Сразу после этого трагического случая, произошедшего 2-го апреля 1902 года, Александр Павлович оставил Министерство внутренних дел и перешел на службу в Московский Земельный банк, где и труждался в меру сил по сию пору.

Ещё тот год вспоминался Александру Павловичу тем, что в осеннюю сессию Государственного Совета был наконец принят закон об уничтожении круговой поруки. Таким образом ярмо, тяготевшее столько лет над крестьянским сословием и неразрывно связанное с общинным владением, было снято.

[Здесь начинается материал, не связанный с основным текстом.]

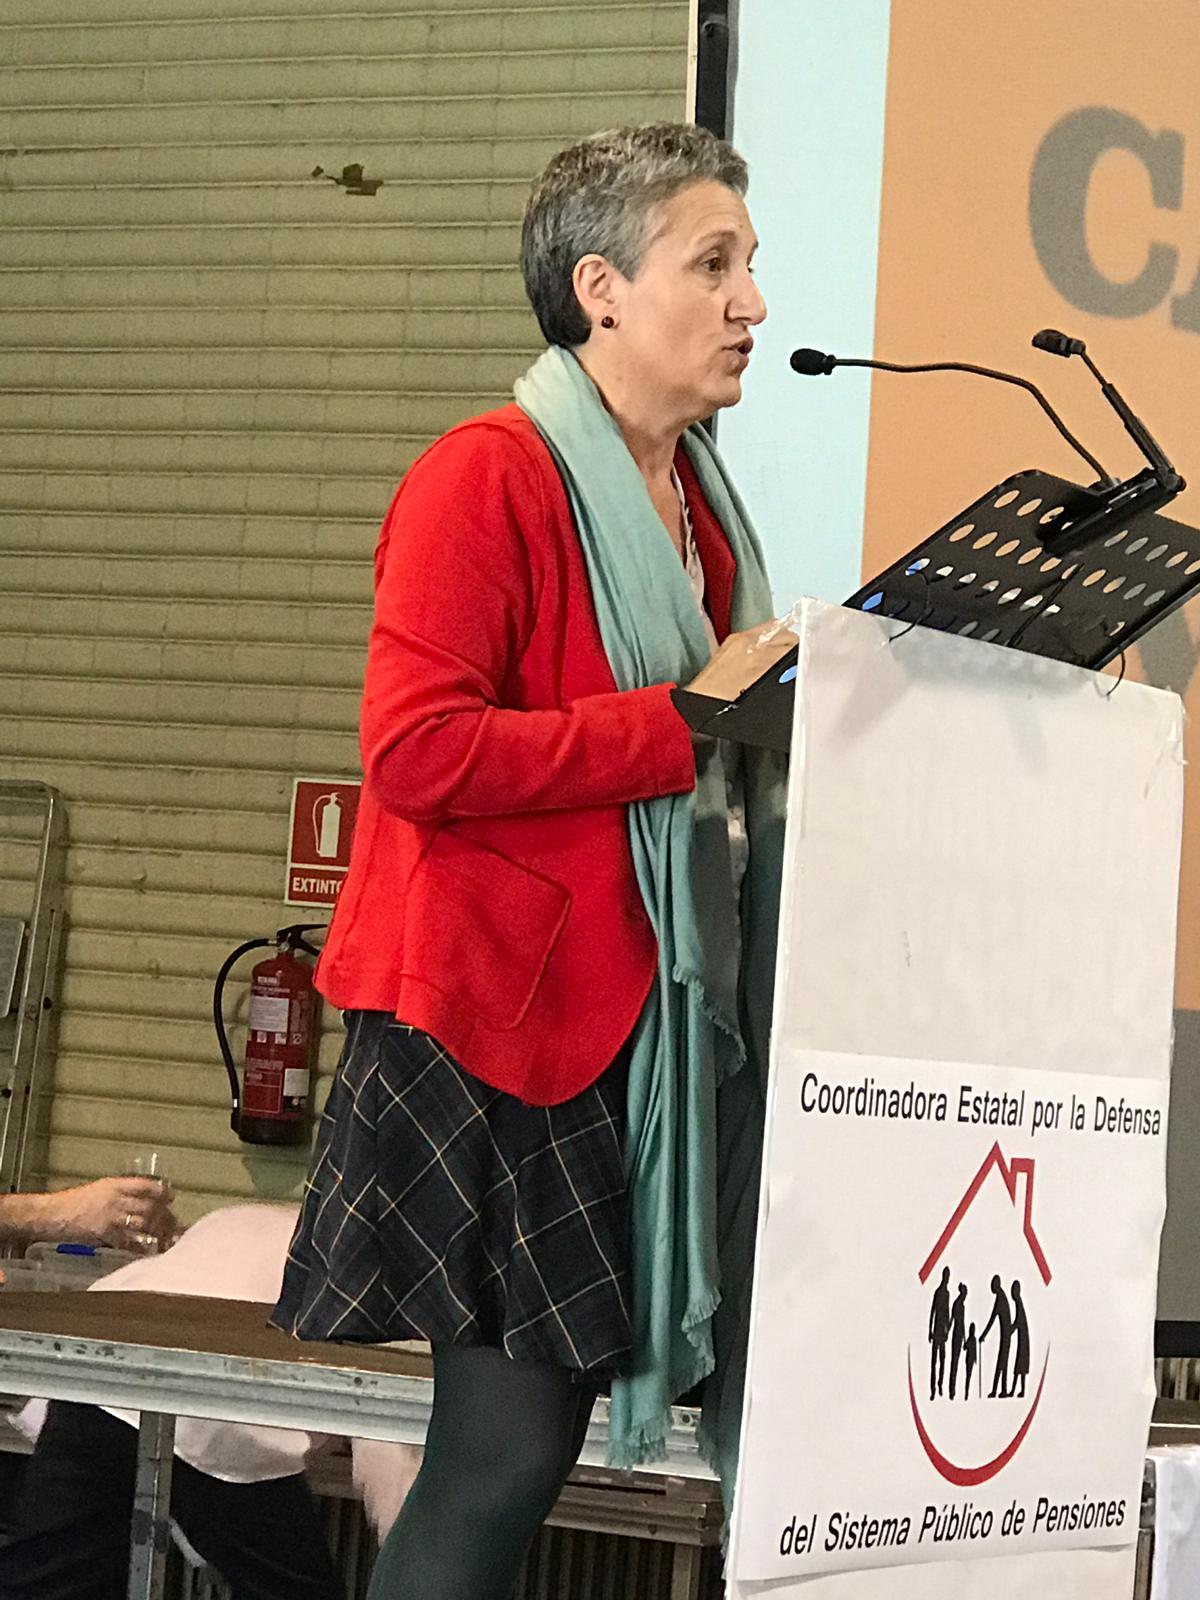 Lidia Senra, intervindo no acto sobre pensions en Barcelona

– А вспомните, как этого боялись! – восклицал Александр Павлович, для убедительности округляя свои тёмные бархатные глаза. – Ни один скептик не осмелится нынче утверждать, будто после её отмены крестьянские платежи стали поступать хуже! – И он, немного откидываясь на спинку кресла и чуть втягивая подбородок, чтобы удобнее и полнее видеть внимавшее ему общество, обводил лицо за лицом взором настолько торжествующим, что можно было подумать, точно это он сам своими собственными руками и снял упомянутое ярмо.

* * *

Последние несколько лет Нарольский являлся на летние вакации с молоденькой и весьма привлекательной женой. Она прекрасно музицировала, и несколько раз Сергей Леонидович, преодолевая свое смущение, просил ее исполнить что-нибудь из любимых опер. Инструмент был старый, расстроенный и совсем разбитый, но волшебные руки Екатерины Васильевны заставляли забыть об этих недостатках.

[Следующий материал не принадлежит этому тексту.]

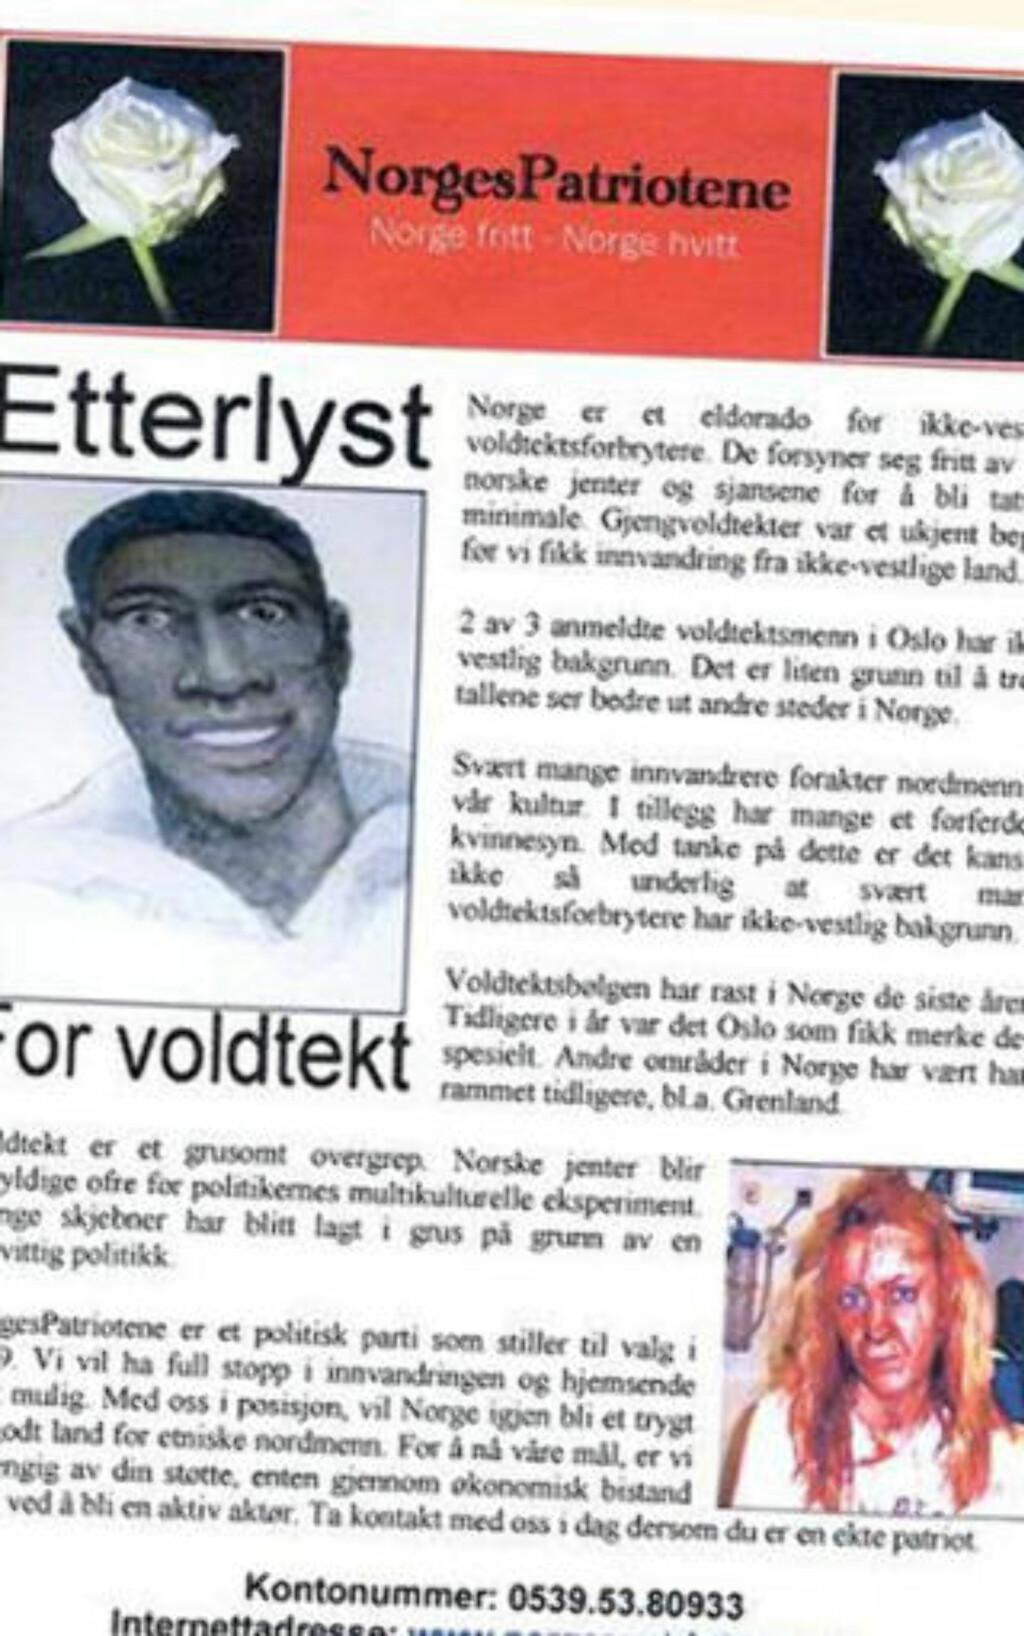 STERKE VIRKEMIDLER: NorgesPatriotene har flere ganger skapt sterke reaksjoner med sine løpeseddelkampanjer, som denne, der de hevder at «Norge er et eldorado for ikke-vestlige voldtektsforbrytere». Faksimile: NORGESPATRIOTENE

Если Александр Павлович имел глаза, как бы содеянные из темного бархата, и взгляд их обнаруживал томление на грани приличия, что придавало всему его существу довольно молодой вид, супругу его природа наделила глазами иного типа – то были словно два острых узких стилета, но тоже имевшие свойство задевать чувственные струны расположенных к тому душ. И хотя Сергей Леонидович обладал броней в виде толстых своих стекол, защита эта оказывалась легко проходимой для игривых лучей, которые испускал взгляд Екатерины Васильевны. "Знаю, прекрасно знаю, что я прекрасна, знаю, что и вы прекрасно это сознаете, и не исключаю… допускаю… ха-ха-ха… все возможно в нашем мире… все зависит от вас, ха-ха-ха… но и от меня тоже, не стоит об этом забывать… между нами уже есть маленькая тайна, не правда ли?.. И мы никому о ней не расскажем, ха-ха-ха." И Сергея Леонидовича, случись ему пропустить удар, особенно смущала эта якобы тайнопись, понятная каждому, и он даже делал непроизвольные порывы оглянуться, чтобы убедиться наверное, что написанное взором предназначено не кому-то другому, незаметно притаившемуся за спиной.

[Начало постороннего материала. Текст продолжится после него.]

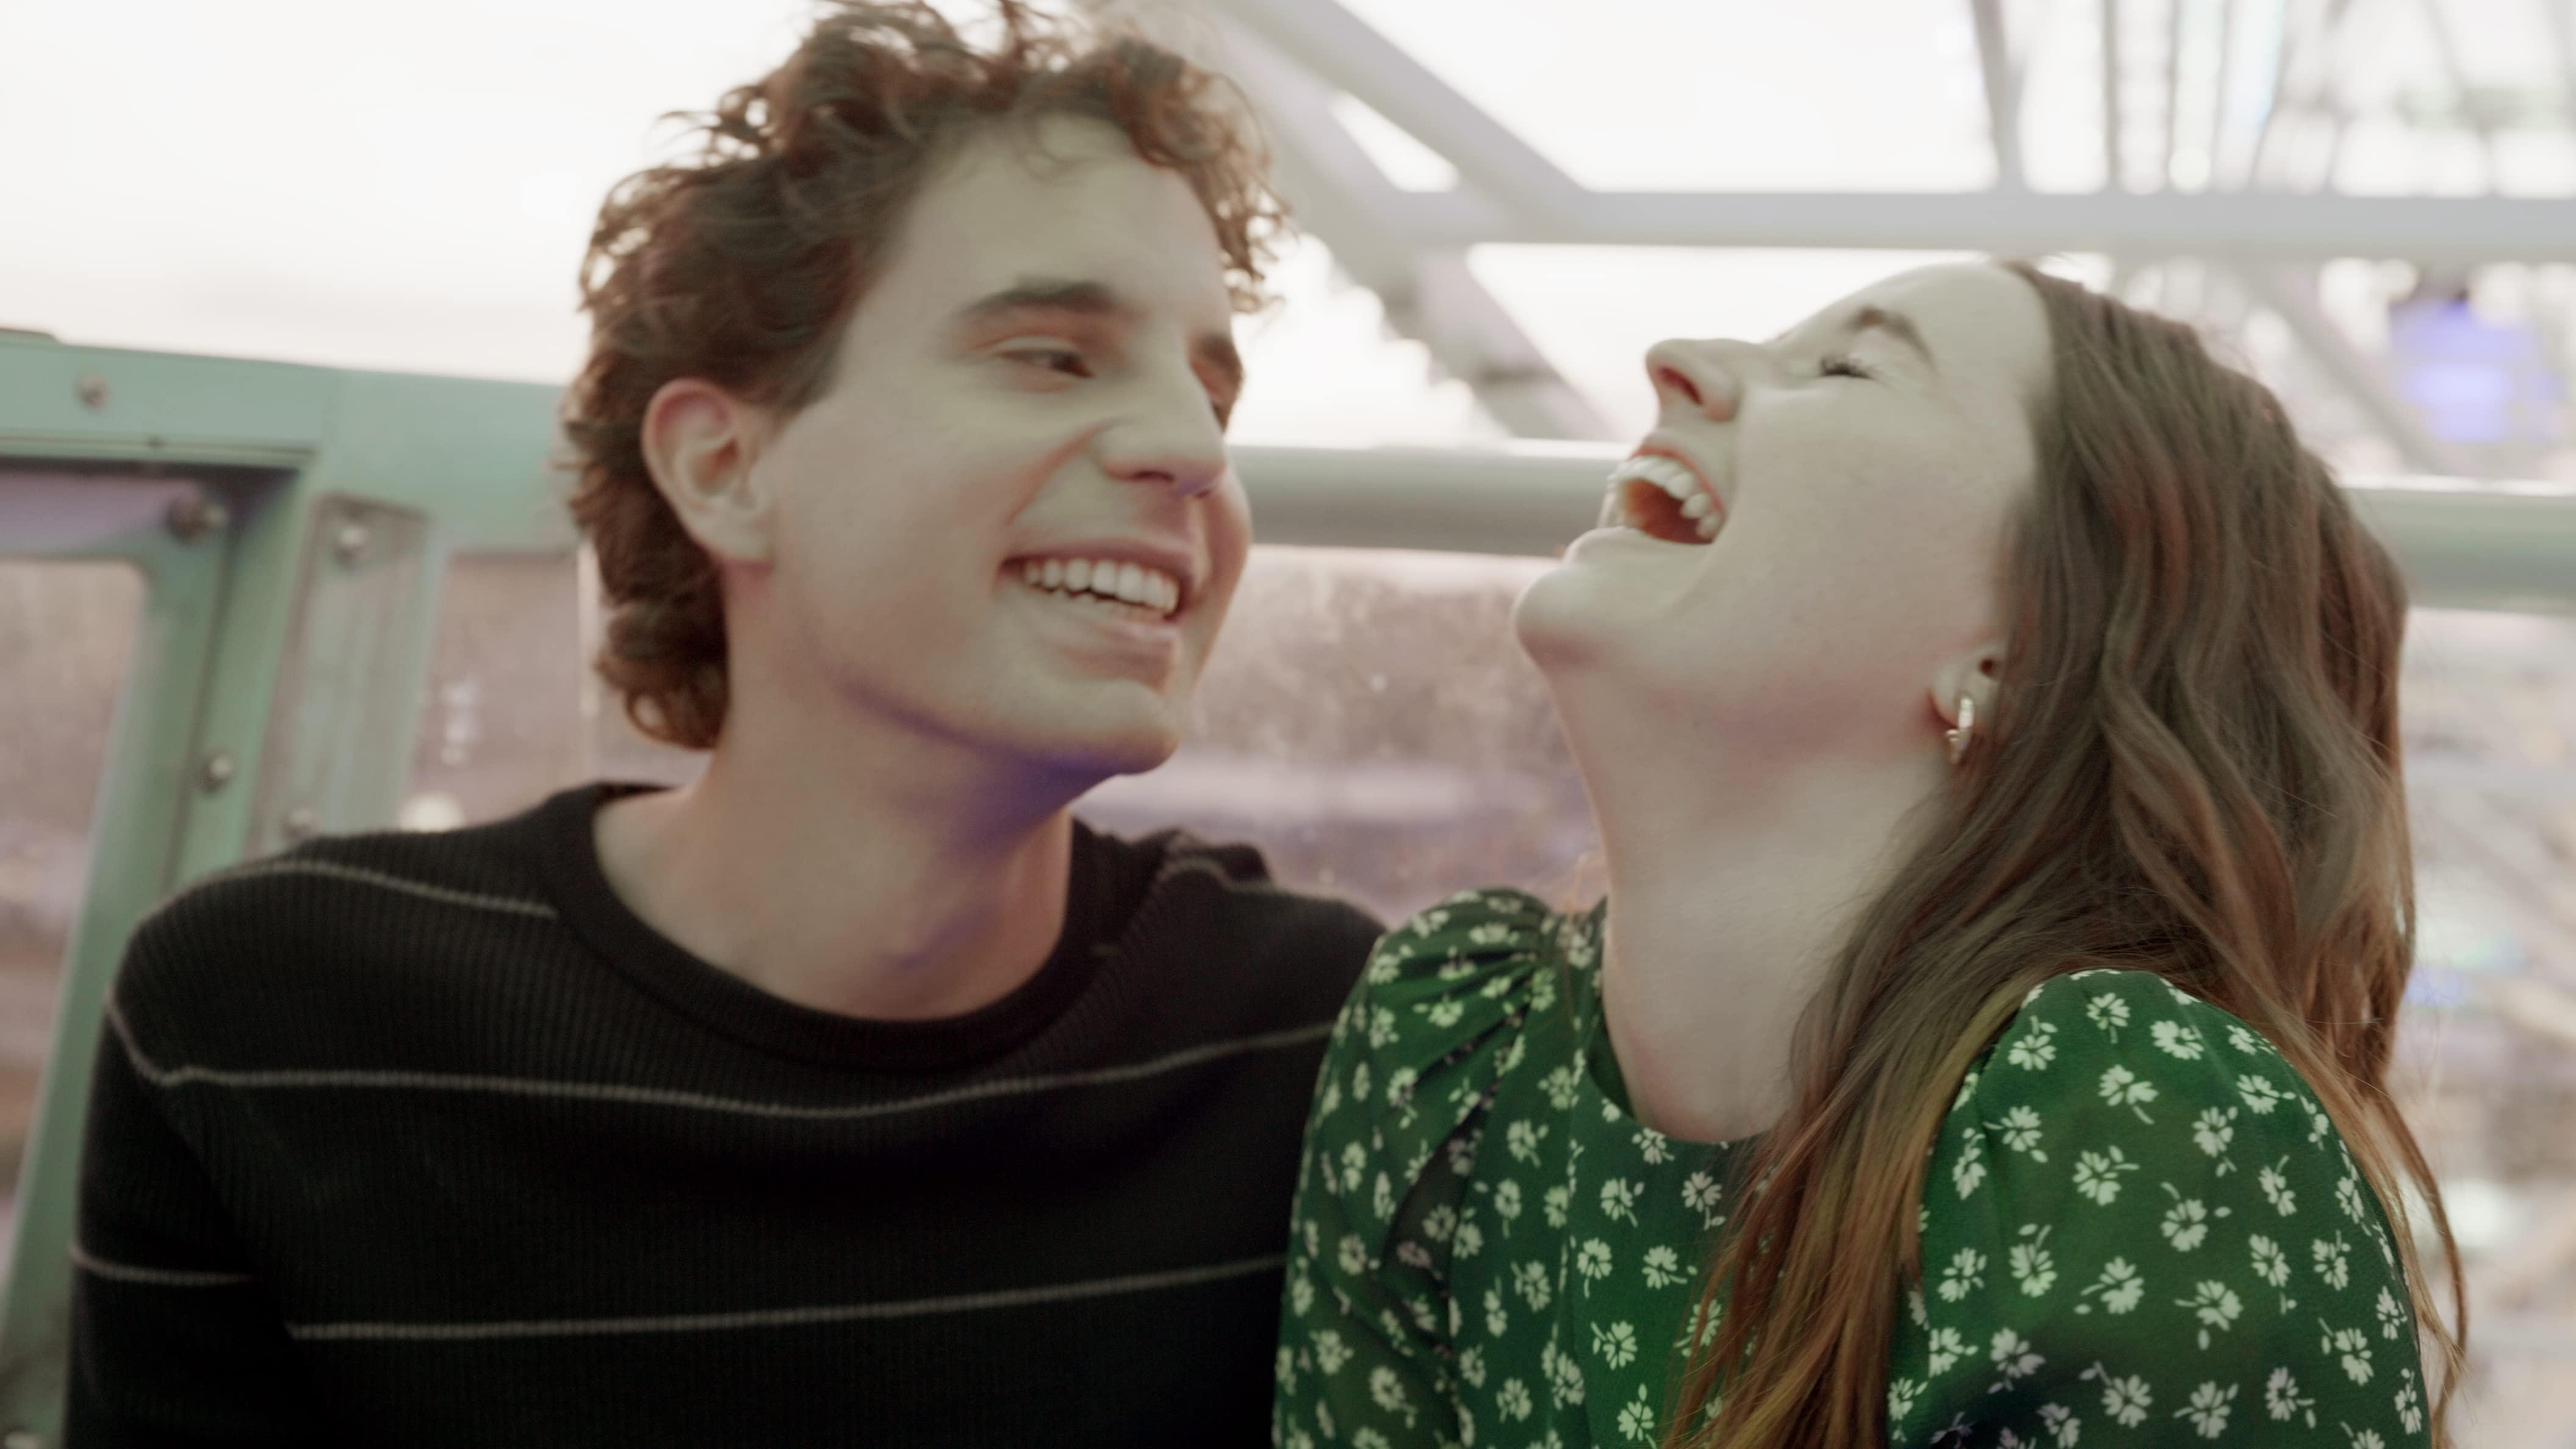 Dear Evan Hansen' review: Cloying teenage musical a massive misfire

Нарольский, не смотря на весь свой не сказать порочный, однако несколько двусмысленный склад, к некоторому удивлению Сергея Леонидовича высказывал довольно дельные мысли относительно жизни в деревне и крестьянского вопроса вообще, и было даже непонятно, откуда и как могли они сложиться в его голове, занятой, как это было очевидно, совершенно иными предметами.

– В Рязани, в мире земском, вся вина лежит на нас. Самый просвещенный, самый развитой класс людей в России составляет дворянство; а между тем, попавши во власть случайно, по милости некоторых узаконений и обстоятельств, оно одушевляется и руководится узкосословными и даже чисто личными интересами. Особенно больно то, что молодые члены этого сословия более примыкают к этому направлению, чем к противоположному. Все заседания наши были заняты нападками на статистов, усердно и добросовестно, но не в угодном дворянству смысле исполнивших данное им поручение, и на председателя управы Алянчикова, личного врага главы узкодворянской партии. Мы защищали их, но противники наши телеграммами вызывали своих единомышленников и не пренебрегали ни клеветами, ни всякими заподозреваниями, лишь бы достигнуть своей цели. Мы были побеждены большинством 29 против 26; управа вся, кроме одного члена, Титова, вышла в отставку. Тогда торжество этих господ было полное; полилось шампанское в гостинице Варварина. Грустно, что более других образованное и развитое сословие действует в узкодворянском смысле; но ещё грустнее то, что эта партия составлена из людей не старых, а скорее молодых. Числом голосов мы оказались в меньшинстве, но если бы считали по прожитым годам, то мы были бы в большинстве. Неужель Россия идёт назад, и молодые больше реакционеры, чем даже те, которые уже жили и действовали во время крепостного права.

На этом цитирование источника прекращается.